But I was so fucking curious as to how far she was going to take this night.
"Thea," she said.
She used her real name. Stupid, stupid princess.
The hood of her sweatshirt fell off her head as she took another sip of the third-rate whiskey, and goddamn it, it wasn’t dark enough in here and someone was going to take a photo of us and then I’d have to break into the offices of multiple tabloids to erase everyone’s files.
But it also wasn’t dark enough to hide the way her hand clenched her drink, how frown lines popped up between her eyes. "You all right?" I had to ask, even as she decided another two gulps of demonic drink was a good idea.
"I have an interview tomorrow," she said.
"For a job?" I asked.
"No. For work," she explained.
This could be a clue. Something that would lead us to someone who might know where my small-dicked brother had gone off to. But what sort of job was she even talking about? Nothing in the reconnaissance had said anything about Princess Thea working recently.
"It's a big one then?” I asked, to gently prod more information out. “You worried about your boss breathing down your neck?"
She made a funny expression. "Yeah, she's a hard ass."
I reverted back to my character. "Me? I'd skip out. Let someone else take it on."
"Why does that not surprise me?"
"I'm not a highly respected historian, though." Another poke, another prod. My God, woman, just tell me what you’re going on about.
"I'm not that respected," she said sharply. "Hardly anyone listens to me."
It should have sounded pathetic.
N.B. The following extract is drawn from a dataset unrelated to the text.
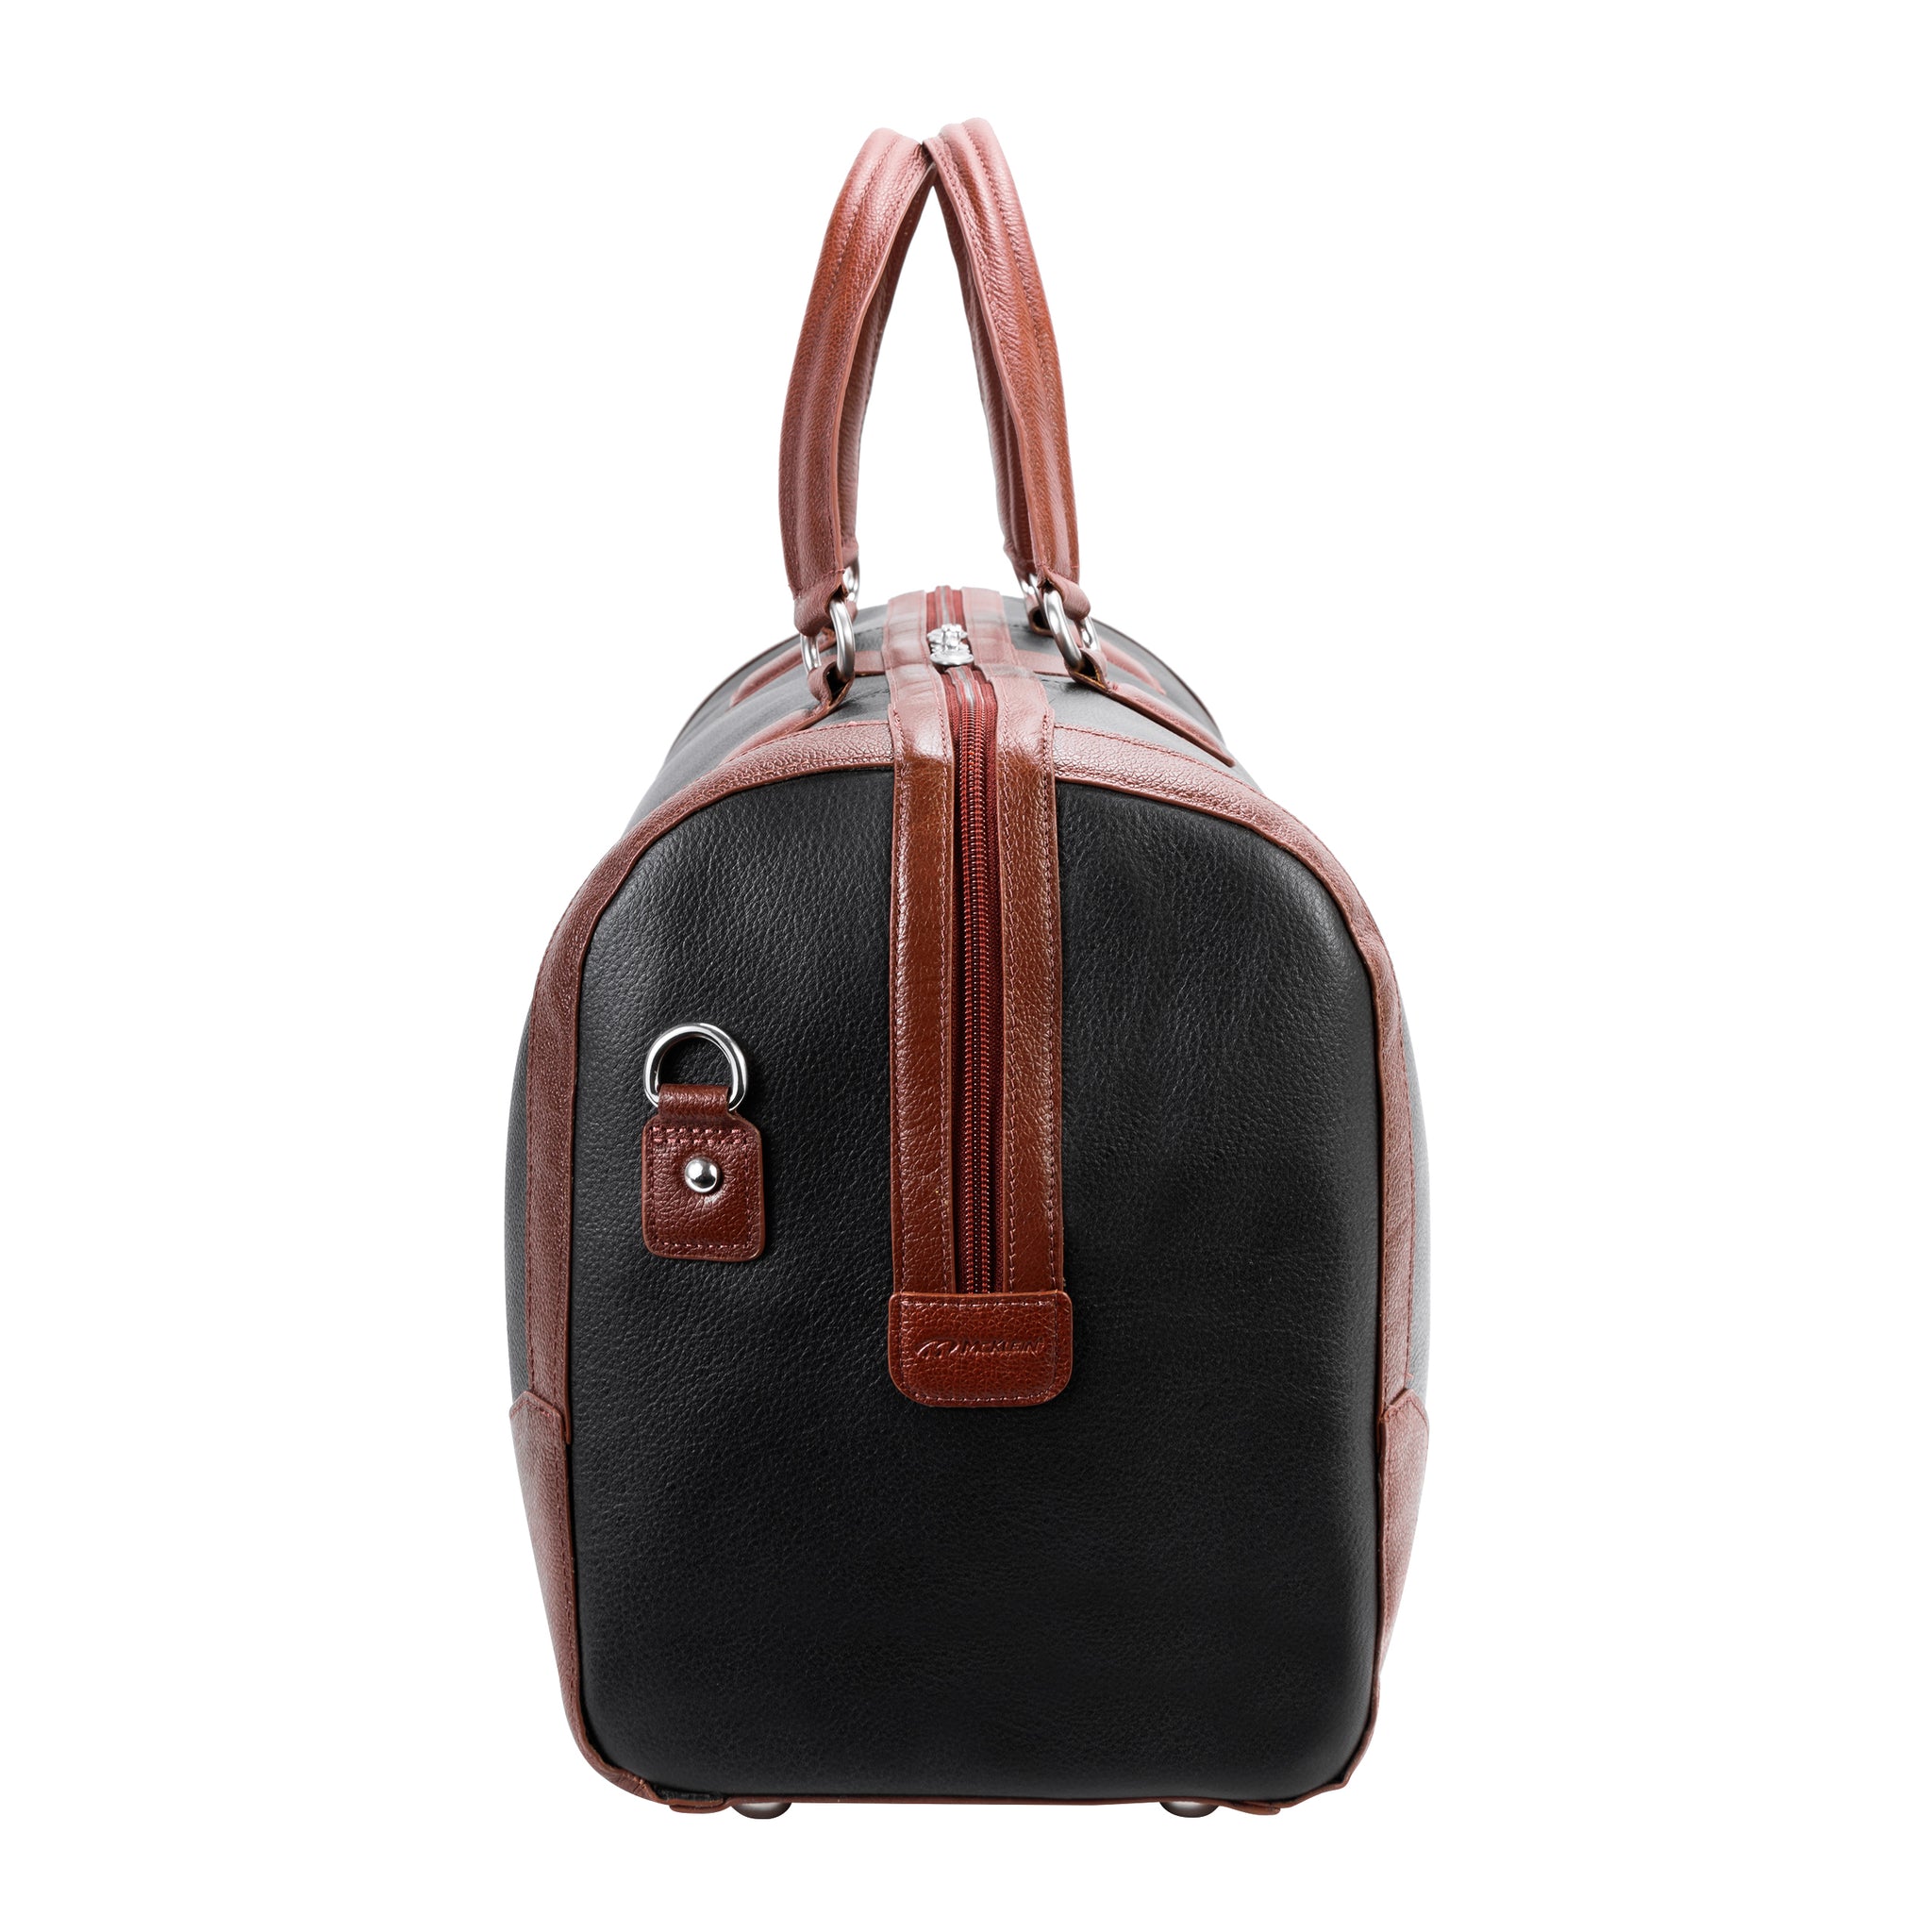 McKlein KINZIE 20" Leather, Two-Tone, Tablet Carry-All Duffel

Or as if she was fishing for compliments. Out of the mouth of a princess, it would.
But tonight. Fuck. Thea wasn’t a princess right then, was she?
I mean, of course she was. But she thought her secret was safe.
I leaned over the table and through the haze of cigarette smoke and cheap whiskey, I saw those sad eyes that had been on the cover of every magazine in every country for the past year.
"I'm sure that's not true. I'd love to listen to you." I sounded like a bloody idiot. Had to recover, quick. So I grinned, like Nick Cameron would do. "Besides, I’m somewhat of an expert on the connection between husbandry and women’s… health.”
That did the trick. The spark came back. The sad disappeared.
"Does this work with women, usually? This..." She gave an elegant wave in my direction. "This roguish scoundrel act?"
"You're having a drink with me, you tell me."
Thea took her glass up, appraised the remaining liquid. I knew that expression well, from my randy days in military training.
"People would stare," I said in a low voice.
She pulled her gaze back to me. Careful.
"If you threw the drink in my face,” I explained. “You don't seem like a woman who wants that kind of attention."
Please God, don’t give us that sort of attention.
And with that, she finished the rest of her drink.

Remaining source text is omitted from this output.